DATES: Submit written or electronic information and comments by
September 14, 2009.
ADDRESSES: Submit written comments to the Division of Dockets
Management (HFA-305), Food and Drug
[[Page 53029]]
Administration, 5630 Fishers Lane, rm. 1061, Rockville, MD 20852.
Submit electronic comments or information to http://www.regulations.gov.

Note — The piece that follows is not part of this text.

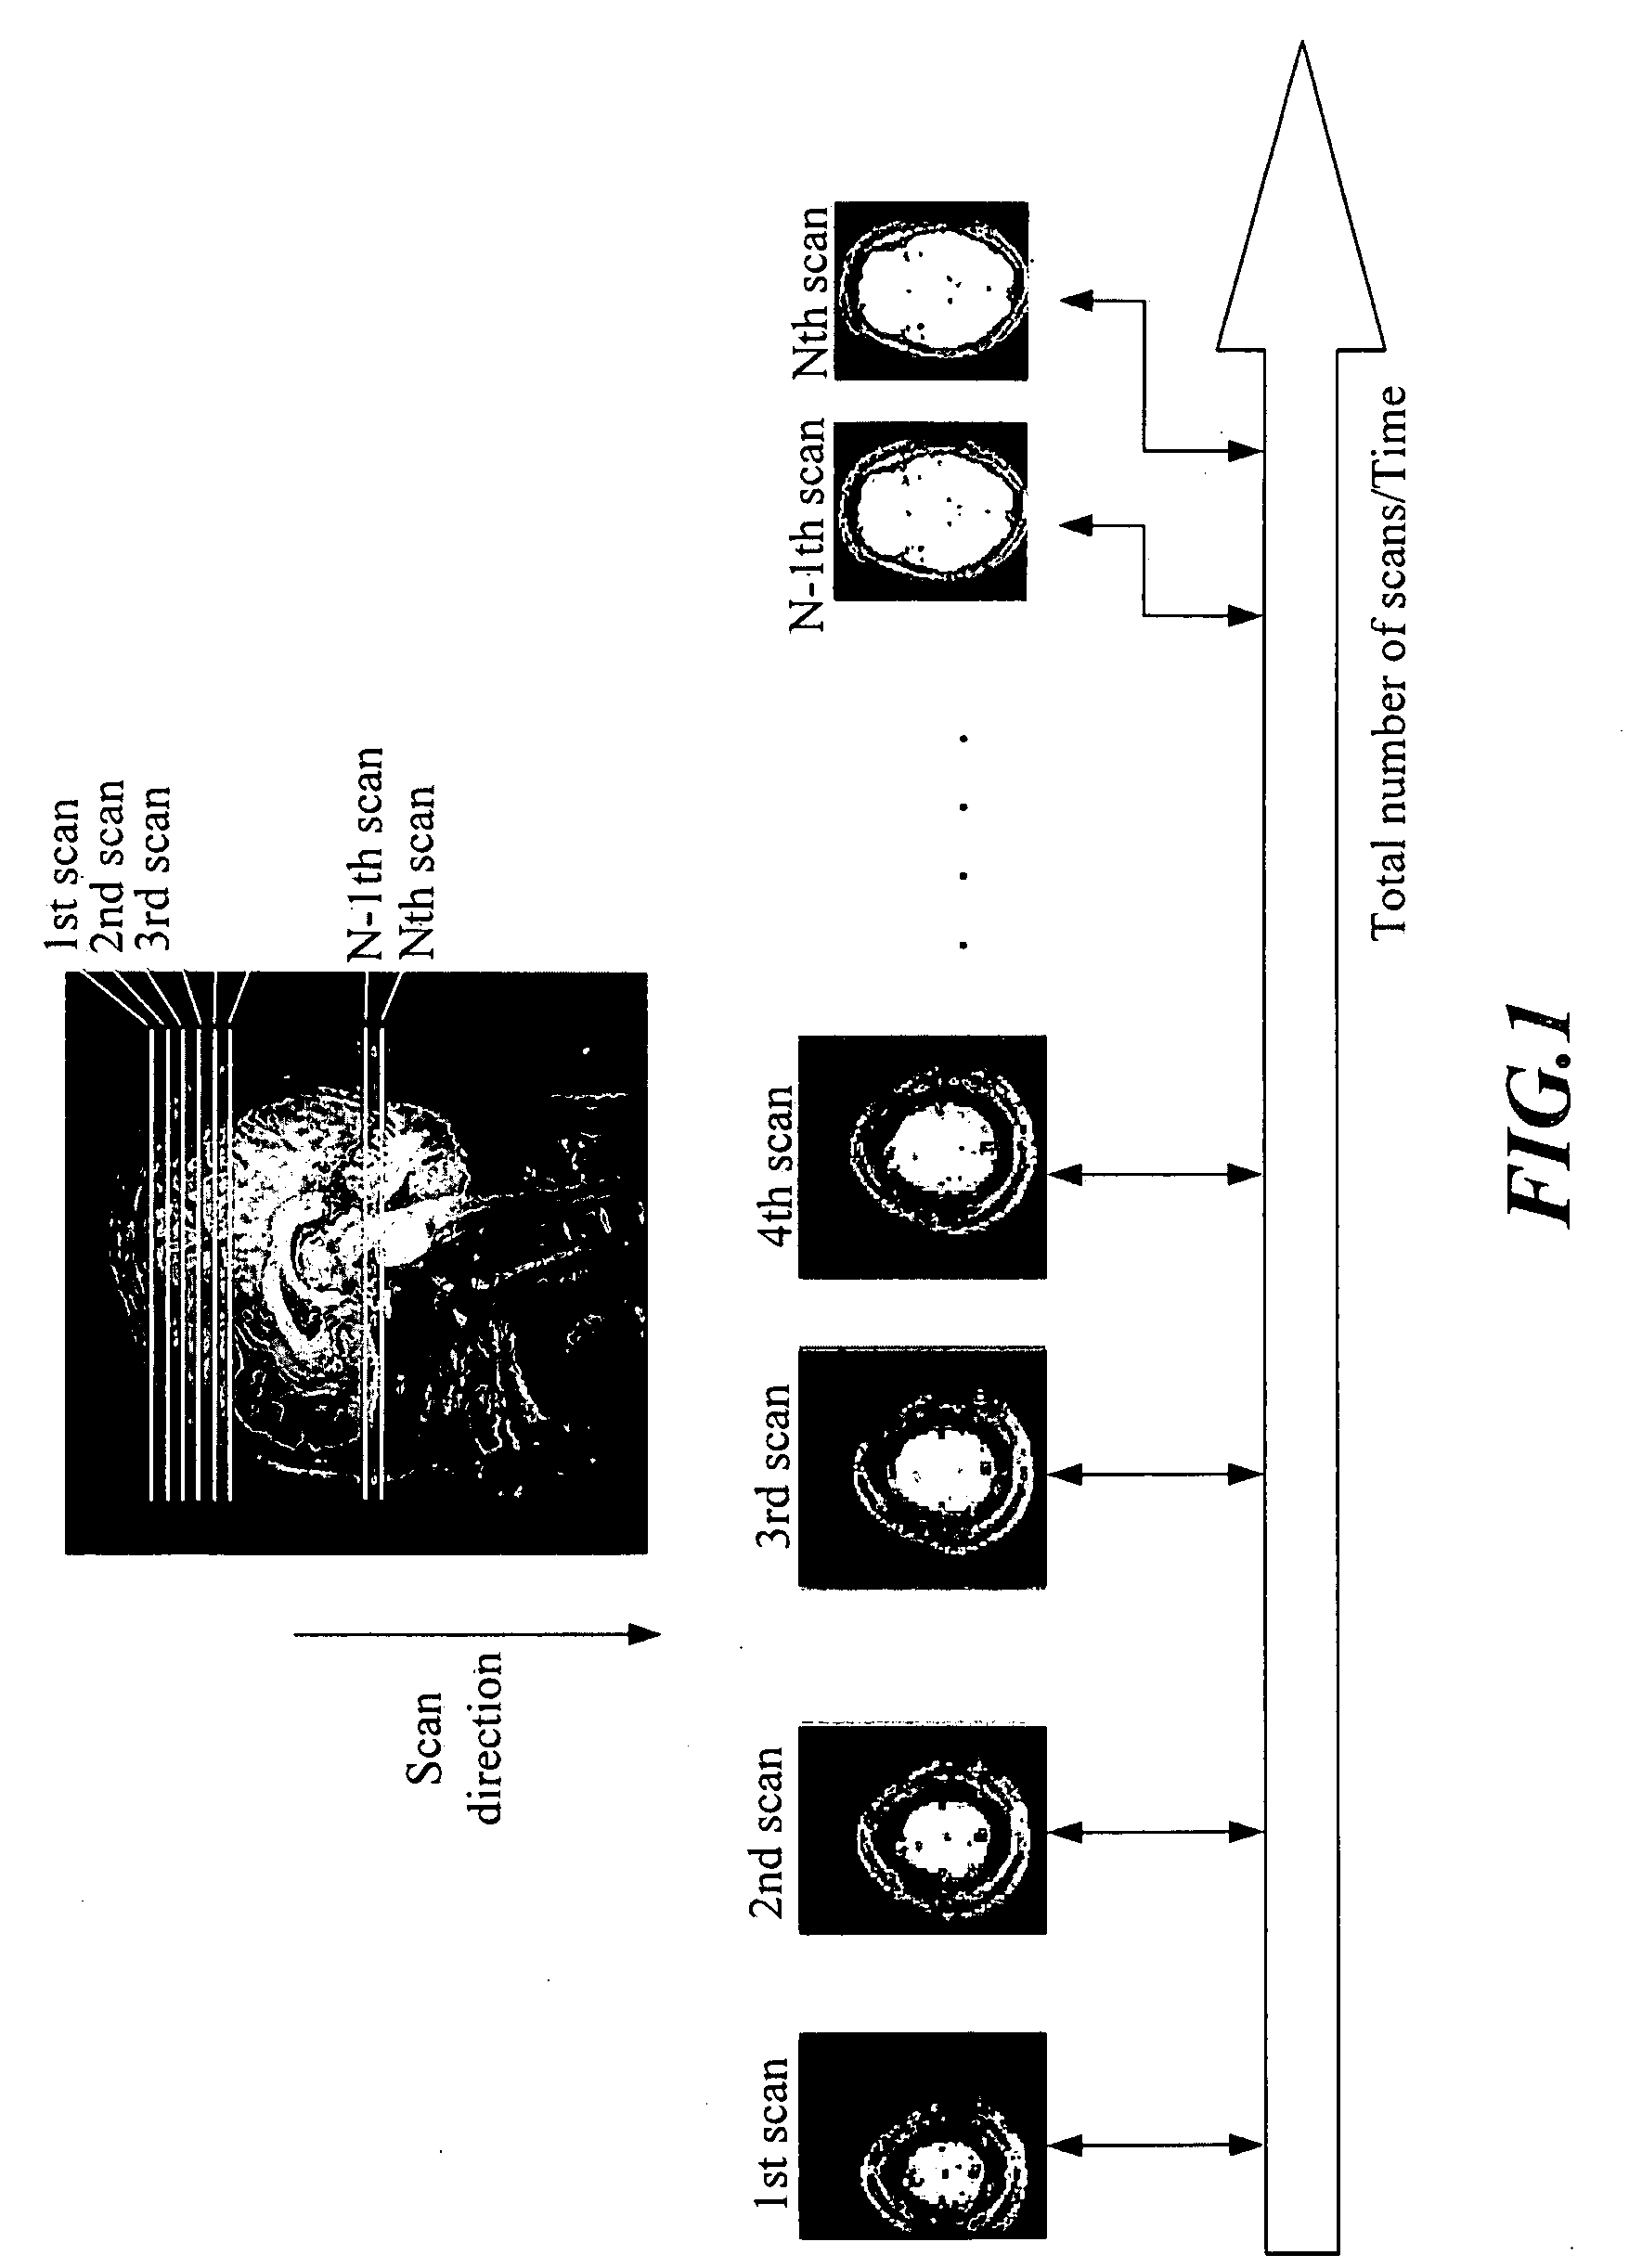 Method and apparatus for simultaneously acquiring multiple slices/slabs in magnetic resonance system

FOR FURTHER INFORMATION CONTACT: Domini Cassis, Center for Devices and
Radiological Health (HFZ-215), Food and Drug Administration, 1350
Piccard Dr., Rockville, MD 20850, 240-276-2342, e-mail:
[email protected].
SUPPLEMENTARY INFORMATION:
I. Background
In the Federal Register of March 24, 2008 (73 FR 15530), FDA
published a notice of a meeting for the Ophthalmic Devices Panel of the
Medical Devices Advisory Committee (the panel). At the meeting on April
25, 2008, the panel was asked to consider general issues concerning the
post market experience with laser-assisted in situ keratomileusis
(LASIK) procedures. Interested persons were invited to present data,
information, or views, orally or in writing, to the panel regarding
these topics. At the conclusion of the meeting, FDA requested that
interested persons provide input on LASIK, including comments regarding
tools the agency uses to improve patient safety, such as patient
labeling, information on FDA's LASIK Web site, and other outreach
initiatives.
Using information gathered at the April 25, 2008, panel meeting,
the agency has updated information contained on its LASIK Web site, has
strengthened its post market surveillance activities, and is now
seeking ways to better understand quality of life issues following
LASIK procedures that may relate to safety and effectiveness of LASIK
devices. At this time, the agency is interested in receiving public
comments regarding the post market experience associated with the use
of LASIK, as well as information regarding potential barriers that may
exist in providing the agency with feedback regarding LASIK procedures.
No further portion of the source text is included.